Improving Your Resilience and Relationships in an Unstable Paradigm
Guest Contributor: Rebecca (Giel) Santosuosso MHC-LP; BFA, BA, MS is a Mental Health Counselor. Additionally, Rebecca holds a Bachelor of Arts from SUNY Albany.

Today, in order to survive in our without becoming an extremist, falling for propaganda, or falling victim to the impulse to completely isolate oneself; one must gather and implore a very specific set of skills. We talk about critical thinking skills, communication skills, skills for self care and community building, but we don’t often talk about that skill of tolerating cognitive dissonance.
For those unfamiliar with the term, cognitive dissonance is the feeling of discomfort that comes while holding two conflicting thoughts or beliefs simultaneously. Our ability to tolerate such discomfort directly impacts our ability to understand nuance, and to avoid the trap of black and white thinking. Examples could include the simultaneous understanding “I am a good person, who tries to do the right thing” and “I did the wrong thing and hurt someone I care for.” Our instinct is so often to defend ourselves, especially our egos, and deny that both these truths can exist at once. We may instead reason that what we did was not wrong, but instead misunderstood, or that maybe this mistake does indeed mean we are bad, and that there is no point in attempting repair. Both strategies, in the end, find us equally self-defeated.

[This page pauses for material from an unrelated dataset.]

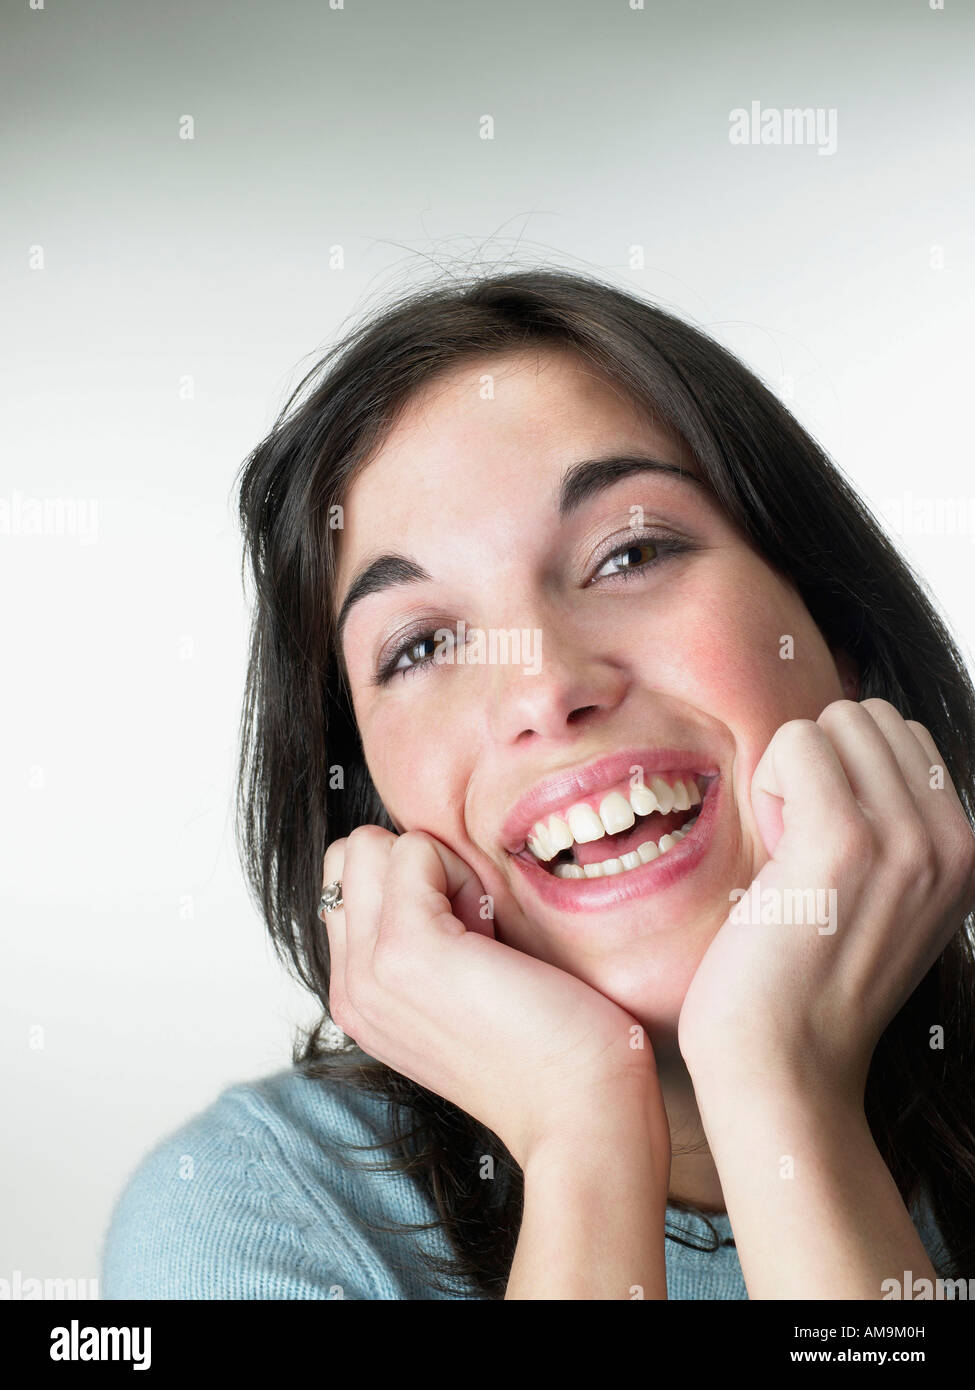 Woman smiling resting head on hands. Stock Photo

Another example could be found in the recent public death of a celebrity beloved by many. The two beliefs may be “Their murder is a tragedy” and “Their rhetoric was harmful to a lot of people.” If the former is true then one should only believe they were good, in order to honor their memory. But, if the latter is true, one might feel quite conflicted in their grief. In reality, both can be true. You do feel sadness and horror, and they did say things that hurt many people and proliferated hate. If you are unable to hold these thoughts simultaneously you will either drown in self-loathing for mourning a problematic person, or you will shield your eyes from all evidence contrary to your admiration – putting yourself in danger of living a lie. This lie becomes dangerous as it separates you from a complex reality and distances you from the greater community around you. You may begin to feel you can only relate to people who see things just the way you do.
A third example might have to do with the tense family relations that this aforementioned political climate has created. You might be saddled with the conflicting simultaneous beliefs that you love your family member and feel deeply betrayed and saddened by the positions they’ve chosen to take. Maybe you feel conflicted even in loving them. It’s possible you don’t know how to hold love and anger at the same time. If you hold only the anger you will lose the loved one, and if you only hold the love, you will betray yourself, suppressing your very valid emotions, values and beliefs. Both outcomes are painful. Thankfully, both are avoidable.

The ability to tolerate cognitive dissonance, like so many skills, requires intentional practice in order to master. You must be able to notice when your thoughts or beliefs conflict, choose to closely examine the ways in which they butt against one another, and sit with the emotions such an impact gives rise to in you. Tolerating two truths requires an expansion of the mind, as well as the heart. The ability to do so allows us to be more grounded in reality, more flexible in our tolerance of other perspectives, more stable in our belief systems, and more loving in general. Without this ability we are more susceptible to influence, more prone to extreme emotions like rage and fear, and more likely to find ourselves isolated in an echo chamber of our own creation.
Ways to engage with cognitive dissonance today may be in a journal or with a trusted friend. Find in yourself two beliefs which directly conflict and find a way to allow both to be true. Let them each occupy your mind and your body equally and simultaneously. I promise you will be better for it.